Las Vegas 2006: Desert Arrival, Luxor Pyramid, New York‑New York & MGM Atlas | Round‑the‑World Series (2006)

Published on 11 March 2026 at 21:39

As part of the 20th anniversary of my 2006 world journey, this series explores the photographs I captured along the way — the moments, the places, and the stories behind the images now available on my website or by request.

Arriving Over the Red Desert

There are cities that you ease into, and then there is Las Vegas — a place that announces itself long before you touch the ground.

Our approach into Nevada in June 2006 felt like descending onto another planet. After days of coastal light and urban sprawl in Los Angeles, the landscape suddenly shifted into something ancient, sculptural, and impossibly red. From the aircraft window, the desert unfolded in ridges and folds, a geological tapestry carved by time and heat.

That aerial photograph became my first frame of Las Vegas — a reminder that before the neon, before the spectacle, this place is still rooted in the raw, untamed beauty of the American Southwest. The colours were astonishing: deep rust, ochre, and burnt sienna, all glowing under the desert sun. Even now, it remains one of my favourite arrival shots from the entire eight‑week journey.

 

Desert Heat and the Luxor Pool

Stepping off the plane felt like stepping into an oven. It was around 40°C (104°F) — the kind of dry, searing heat that wraps around you and refuses to let go. By midday, sightseeing was out of the question. The only sensible place to be was near water, and for me, that meant the pool at the Luxor Hotel.

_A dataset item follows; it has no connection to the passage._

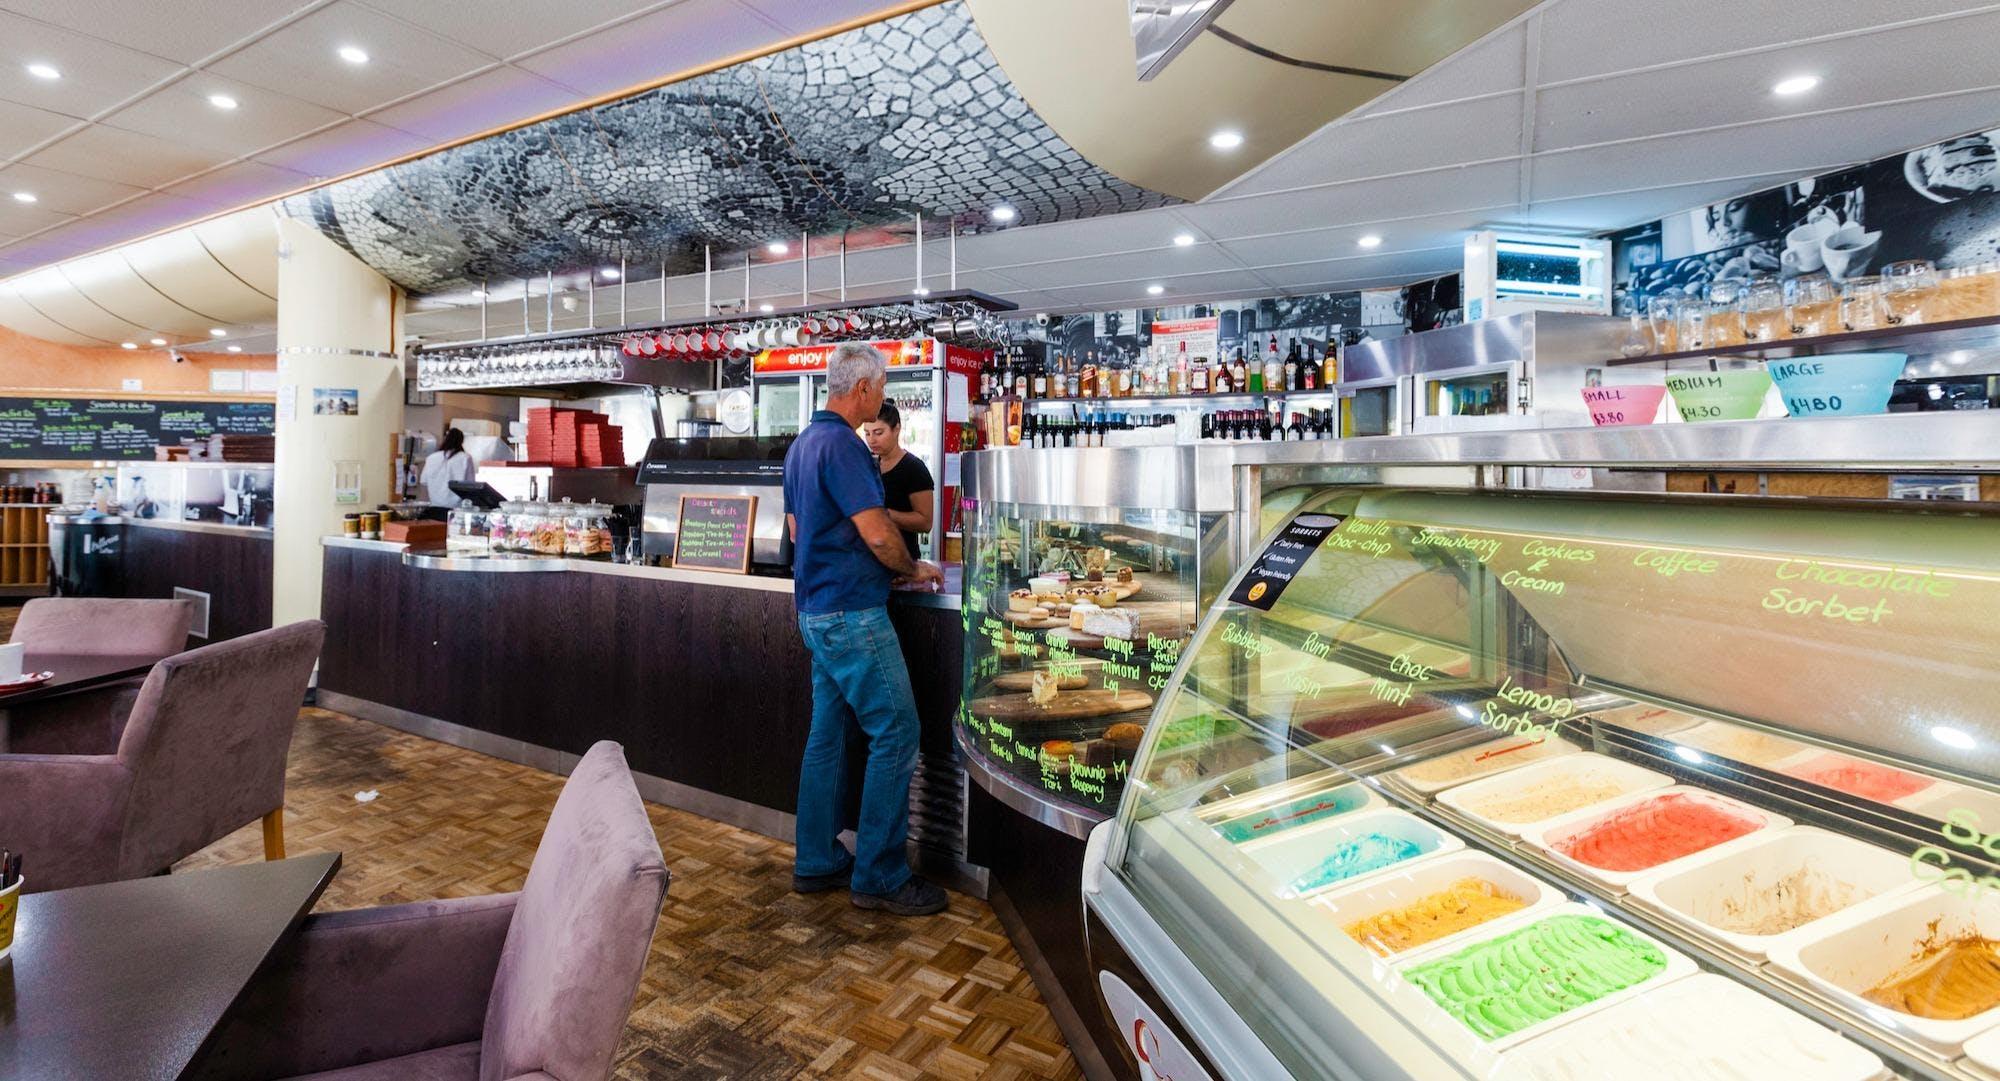 La Scala Cafe & Pizzeria

The Luxor’s pyramid is impressive from any angle, but in that fierce desert sun it felt almost otherworldly — a monolithic structure rising from the sand. I remember running around the pool deck, camera in hand, trying to capture the sharp geometry of the pyramid against the brilliant blue sky before retreating back into the water to cool off.

Midday light is rarely a photographer’s friend, but on that day the harsh sun felt right. It captured the truth of the desert: bright, unforgiving, and absolutely alive.

Inside the Pyramid

The surrealism only deepened once inside. The Luxor’s atrium — one of the largest in the world — rose above me like a hollowed‑out monument. The rooms clung to the sloping walls, stacked in a way that made it seem as though gravity had been politely asked to take the day off.

The photograph I captured inside the atrium still makes me smile — the geometry, the scale, the sheer audacity of the design. It still feels like a glimpse into a dream engineered by architects with a flair for the theatrical.

 

A Miniature Manhattan on the Strip

Outside on the Strip, Las Vegas leaned fully into its love of illusion. The New York‑New York Hotel & Casino stood proudly in its miniature Manhattan glory — a playful skyline complete with a scaled‑down Statue of Liberty, the Empire State Building, and the Chrysler Building. And because this is Vegas, a roller coaster wound its way through the façades, looping around skyscrapers as if it were the most natural thing in the world.

The street scene I captured there is pure Las Vegas: taxis, palm trees, neon, and a city that thrives on contradiction.

 

 

Atlas in Gold

The final image from this set — the upward view of the Atlas statue at the MGM — is one that has stayed with me for years. Shot from below, the golden figure rises against the sky, mythic and powerful. In a city built on reinvention, this sculpture felt timeless, a moment of stillness amid the chaos.

 

Looking Back — and Ahead

Las Vegas was our second major stop on this west‑to‑east journey around the world — a journey that began in Los Angeles on 26 June and would eventually carry us across continents before ending in Singapore on 15 August. These images capture the contrasts that defined this first chapter in the desert: the ancient landscape, the blistering heat, the futuristic pyramid, the playful skyline, and the mythic sculpture.